Мама Дик ударилась в слёзы:

— Он такой безоглядный, такой неосторожный мальчик, — всхлипывала она. — Хоть бы он не вляпался во что-нибудь на свою голову…

— Ну, — злился папа Дик, — будем называть вещи своими именами. Он самый упрямый и самый непослушный сын из всех, какие у нас были.

— Но ведь у нас больше не было никого, — стенала мама Дик.

Папа Дик обнял её, утешая, и гладил по голове, сбив набок её ночной чепчик.

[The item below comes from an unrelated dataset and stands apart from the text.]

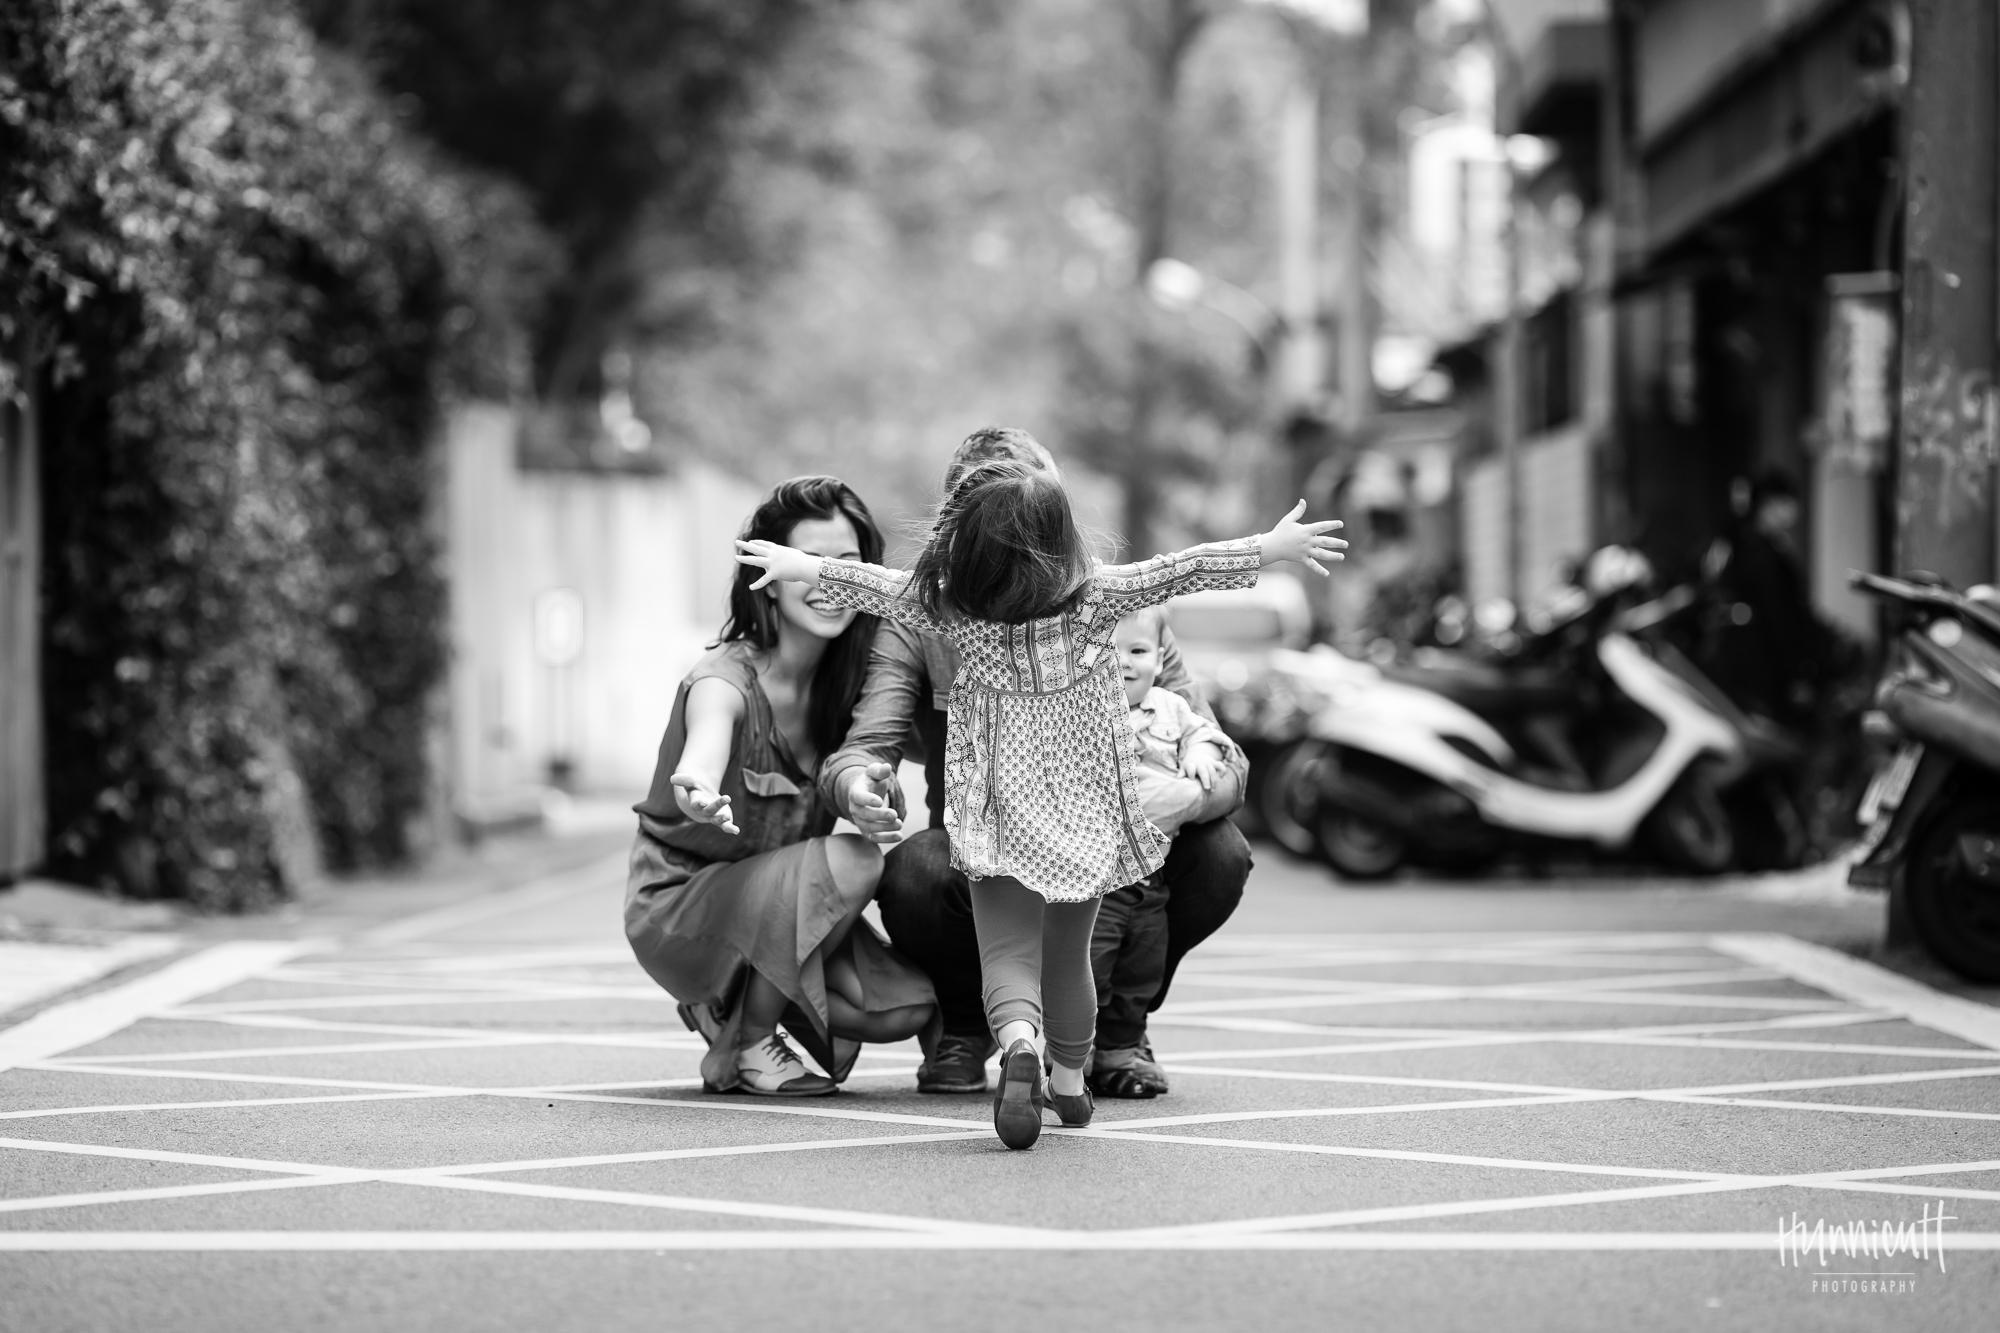 Taiwan-Urban-Lifestle-Duck-Family-HunnicuttPHotography-18

— Успокойся, моя радость, — лепетал он. — Не сомневайся, он скоро объявится. Таким, как он, ничего не делается. Найдётся он, и уж тогда я всыплю ему как следует сразу за всё.

— Нет, ты этого не сделаешь! — ревела мама Дик. — Ты изверг, а не отец. И вообще, что, если его похитили разбойники?

— Да брось ты, — отмахнулся папа Дик. — Мы же специально выехали на ночь глядя, чтобы нас никто не увидел. К тому же в такую погоду никакой разбойник не будет сидеть в засаде.

— Ты говоришь и сам себе не веришь! — воскликнула мама Дик, всё больше впадая в отчаяние. — Тут висельников полный лес, кишмя кишат.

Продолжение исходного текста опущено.